This post is going to demonstrate how to use the Albumentations library with TensorFlow.
Table of Contents
import os
import random
from functools import partial
from os.path import join
from pathlib import Path
import albumentations as A
import matplotlib.pyplot as plt
import numpy as np
import tensorflow as tf
from tensorflow.keras import optimizers
from tensorflow.keras.applications.mobilenet_v2 import MobileNetV2
from tensorflow.keras.layers import Dense, GlobalAveragePooling2D
from tensorflow.keras.models import Model
from tensorflow.keras.preprocessing import image
AUTOTUNE = tf.data.experimental.AUTOTUNE
Loading Data into Tensorflow
First we point to our images. Our goal is to get a list of all the images that we can pass to tf.data.Dataset
.
root_path = Path('E:/WallabiesAndRoosFullSize/train')

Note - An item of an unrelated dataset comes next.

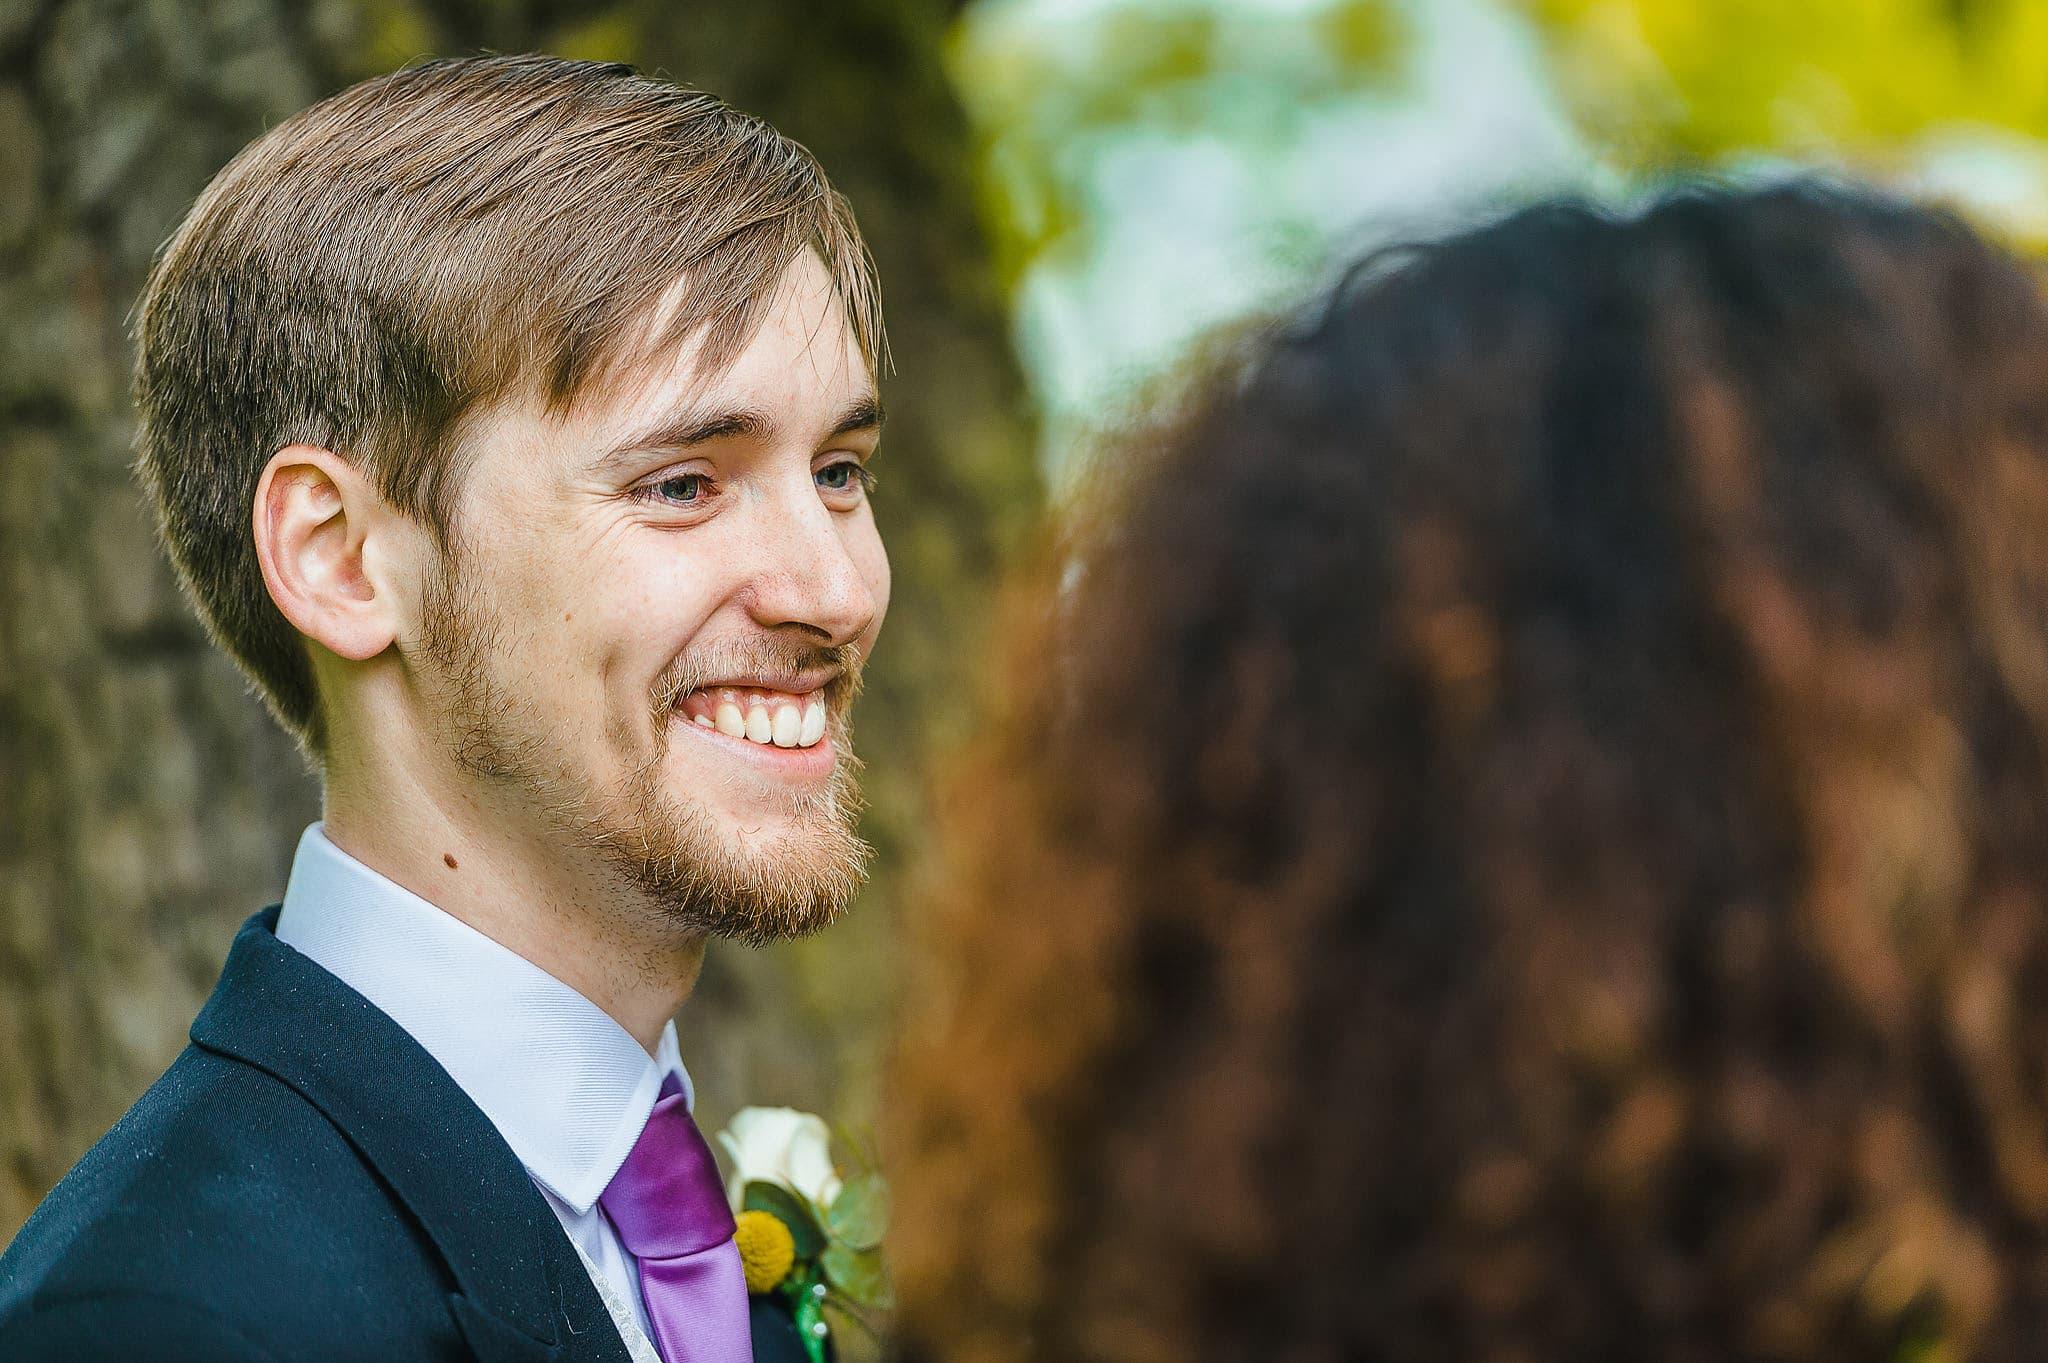 wedding-photographers-west-midlands (85)

Let’s see what class names we have
class_names = np.array(sorted([folder.name for folder in root_path.glob('*')]))
print(class_names)
['kangaroo' 'wallaby']
Let’s load them into tf.data. All the images are ordered, so we’ll want to shuffle them.
dataset_images = tf.data.Dataset.list_files(str(root_path/'*/*'), shuffle=True)
We’ll specify the size we want the results to be.
IMG_HEIGHT = 128
IMG_WIDTH = 128
BATCH_SIZE = 32
Now we’ll make a function to parse the images and labels. There are lots of ways to resize your image and you could do it in both Albumentations or TensorFlow. I prefer to do it right away in TensorFlow before it even touches my augmentation process, so I’ll add it to the parse function.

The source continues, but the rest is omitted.